The preface and opening chapters of this book do a great job of setting the scene of just how big a problem this has become and why its vitally important we all start making an effort to addressing the problems.
Democracy has always relied on on critically thinking electorate, but never has this been more important than in the current age of fake news and international interference in the electoral process via propaganda disseminated over social media.Calling Bullshit - The art of scepticism in a data-driven world
The authors note that much of what seems factual and statistically sound is often nothing but bullshit. The authors differentiate between what they refer to as old school bullshit which is mostly rhetorical and language-based, and new school bullshit which refers to the cagey manipulation of mathematics and scientific data to create the illusion of sophistication and factual accuracy.
he book goes into great depth for each topic with chapters dedicated to:
- Numbers and Nonsense
- Selection Bias
- Data Visualization
I particularly enjoyed the discussions on the bullshit enabled by artificial intelligence, machine learning, neural networks, and big data. These techniques differ from traditional computer algorithms in the sense that the quality of their output should improve over time as the algorithm learns how to analyse data. However, even for those with substantial training in mathematics, statistics, and computer science, the algorithms are completely mysterious beasts. The authors observe that the details of the machine learning algorithm do not need to be understood in order to call bullshit on the output. The standard principle of GIGO (garbage in, garbage out ) applies: if the input data is flawed, the output of even the best algorithms will be flawed as well.
The book also addresses how the scientific community are also prone to bullshit, which for me was highly relevant considering how much of it we were exposed to it during the pandemic. The authors focus on how the science community relies on their bullshit in competition for funding, publications of positive results, and p-hacking, among others, are helpfully described, along with several infamous examples.
In the conclusion of the book the authors ask the question If bullshit is everywhere, how can we avoid being taken in? The Spotting Bullshit chapter summarises six simple, but powerful guidelines to help you avoid being taken in.
Why I recommend this book
the book delivers a novel approach that goes well beyond looking at bullshit to broader critical thinking. It will benefit anyone assessing the news, social media feed item, political interview or a scientific analysis.
Although the book subject may seem mathematically and statistically focused, it is no way intimidating and the authors do a great job of breaking the content down so it can be easily understood.

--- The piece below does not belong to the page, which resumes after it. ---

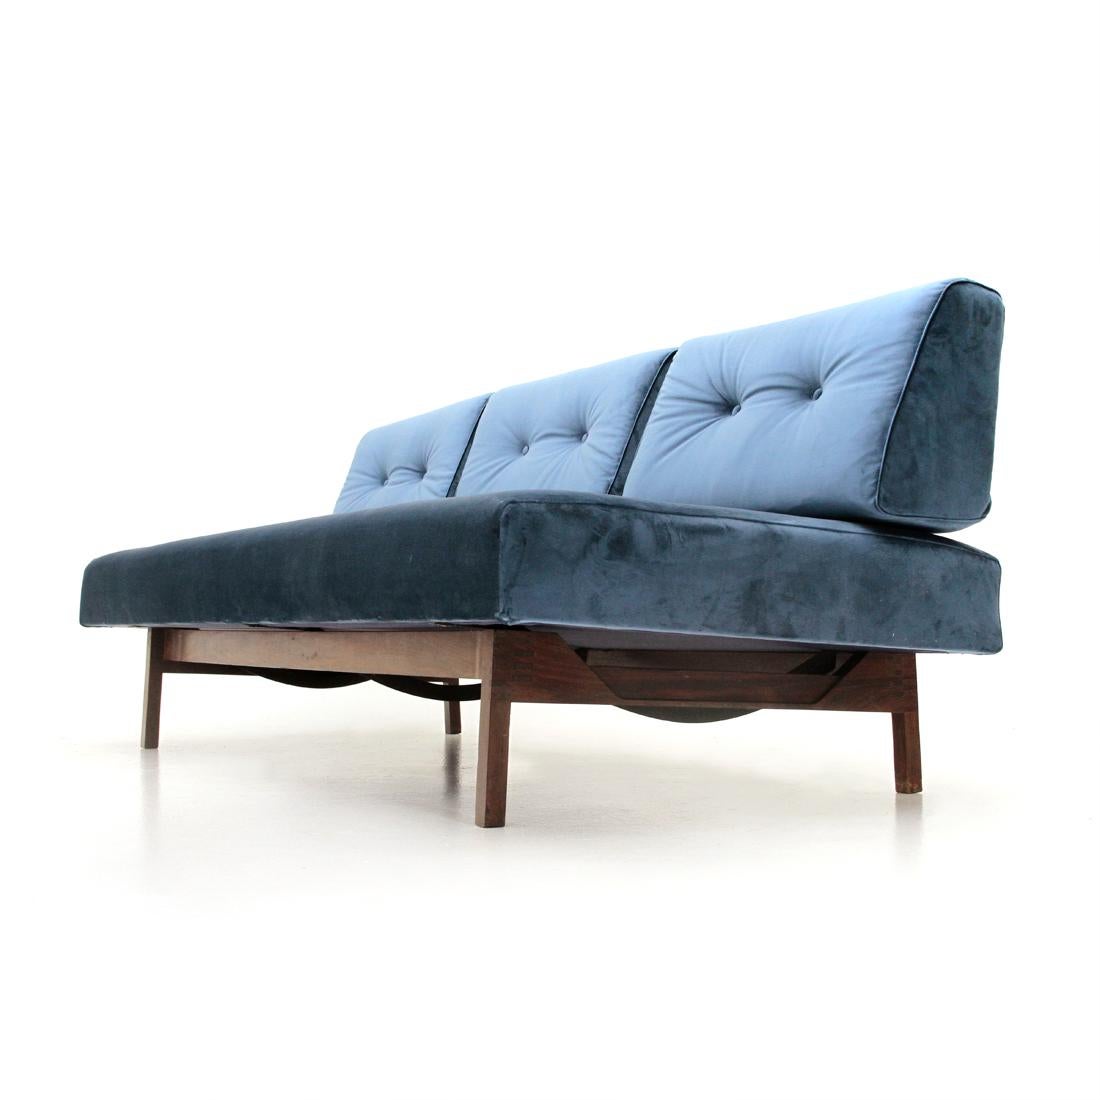 Midcentury Italian Blue Velvet Sofa Model 872 by Gianfranco Frattini for Cassin 1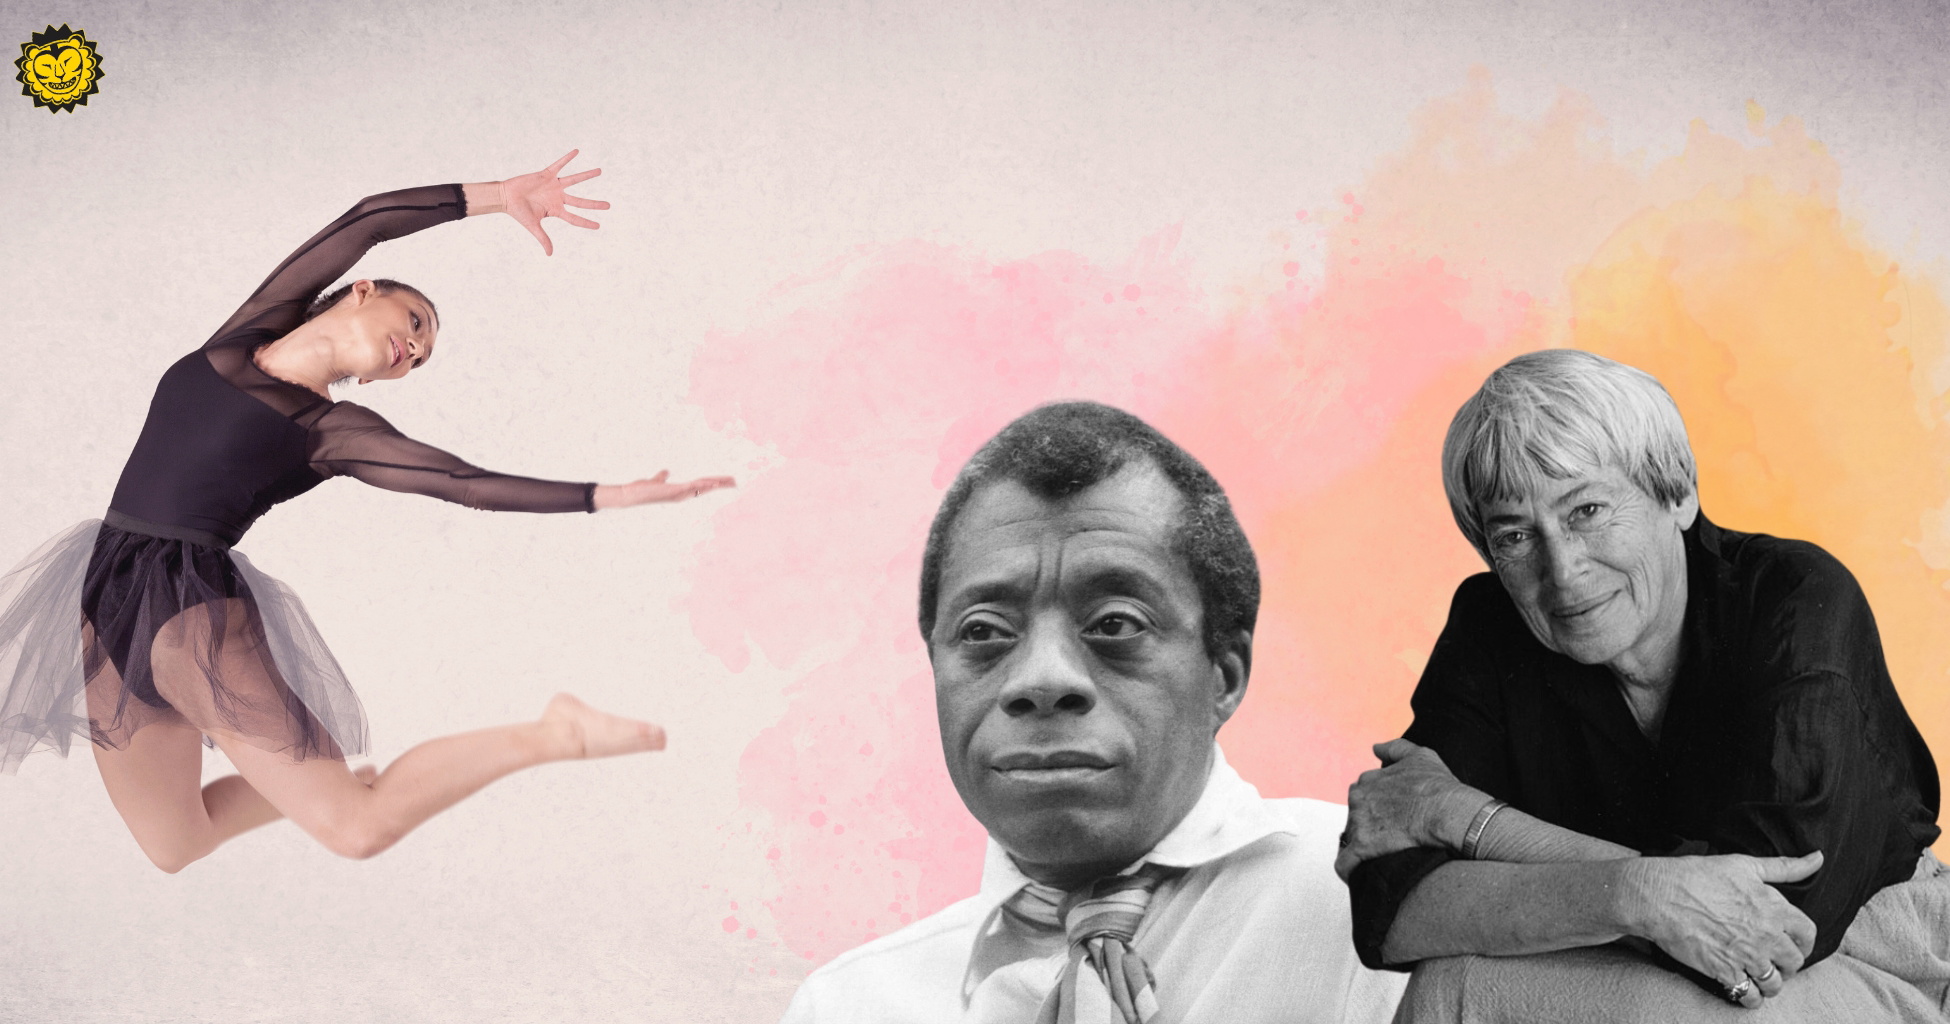 Balettdansös samt porträtt av James Baldwin och Ursula K. Le Guin.

The book provides with several tips on how to spot and refute quantitative bullshit and how to use critical thinking when assessing data and information, to sift through the bullshit.
This book will significantly improve any reader's critical thinking. The idea that bullshit can often be detected by only looking at inputs and outputs empowers the general reader by identifying the necessary skills to evaluate arguments and claims without a deep understanding of statistics or data science. This is both novel and powerful.